We just launched a Make Me an Instrument: A Guide to Civil Discourse For Individuals and For Groups. This free 5-week online curriculum was built in conjunction with The Episcopal Church’s Office of Government Relations and its Department of Faith Formation. The course is free to anyone who would like to take it.
Presiding Bishop Michael Curry has said: [L]ove the neighbor you like and love the neighbor you don’t like. Love the neighbor you agree with and the neighbor you don’t agree with. Love your Democrat neighbor, your Republican neighbor. Your black neighbor and your white neighbor, your Anglo neighbor, your Latino, your LGBTQ neighbor. Love your neighbor. That’s why we’re here.
In this curriculum, representatives and teachers from across the church teach civil discourse as a skill that we can develop and use to build healthier communities through building relationships across divisions within those communities.
The course instructors teach civil discourse as a specific style of conversation that requires particular skills and practices. Civil discourse is engagement in conversation intended to enhance understanding. Rabbi Steve Gutow, speaking at the Episcopal Church’s event Civil Discourse in America, remarked that “civility is simply demonstrating respect for the dignity of our fellow humans—even those humans with whom we have sharp disagreement. Civility is allowing others to speak, and having the humility to admit that we may have something to learn. Civility favors truth over cheap gain, and patience over knee-jerk judgment.”
The goal of these conversations is to be in deeper relationship and to more truly know each others’ dignity and worth. We strive for this deeper relationship so that when we go out to do our own advocacy, activism, and community engagement, we are better informed about who the “other” is without dehumanizing or demonizing them.

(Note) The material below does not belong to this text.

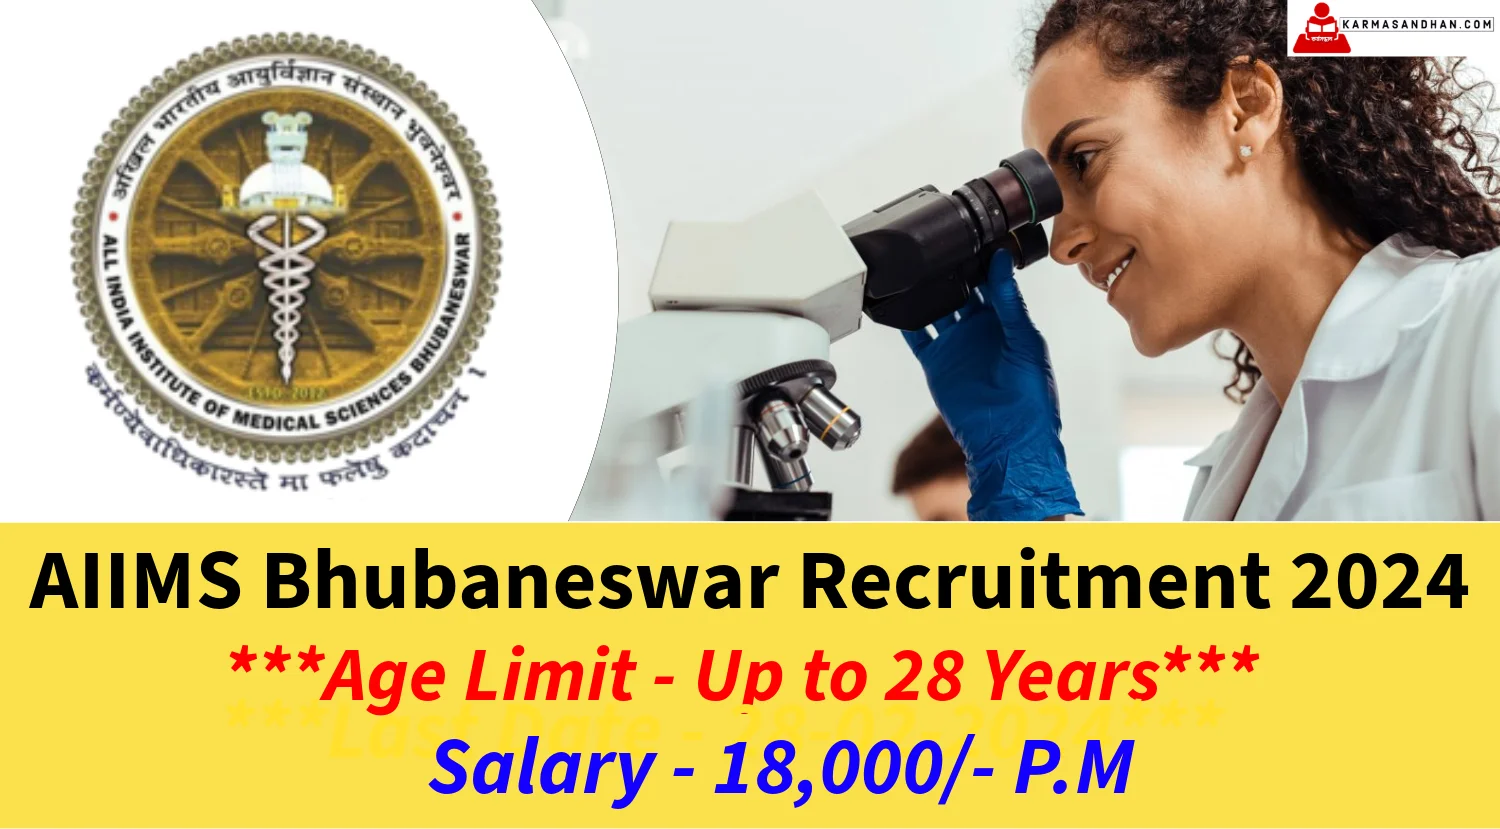 AIIMS Bhubaneswar Recruitment 2024 for Various Technical Vacancies

As well as explaining the practice of civil discourse, the reasons for using it, and its grounding in scripture and the sacraments, the instructors address challenges that can arise with the “listen and learn” approach they advocate. What if one group has been exploited by another? Is it unjust to expect the marginalized to listen to the privileged? What is the risk a conversation becomes mired in theory rather than allowing us to deepen our relationships with one another? And what if we all listen and value each other’s conversations and find that in the end, we simply do not share the same values? Or what if we do share values but are so hopelessly divided over how to achieve our goals that the values shared seem unimportant? What if the other conversational partner won’t abide by the “respectful listening” rules? All of these important questions, and many others, are covered in this curriculum.
This civil discourse curriculum offers hope that by using the tool of civil discourse, we can find new ways to love our neighbor. We look forward to exploring it with you.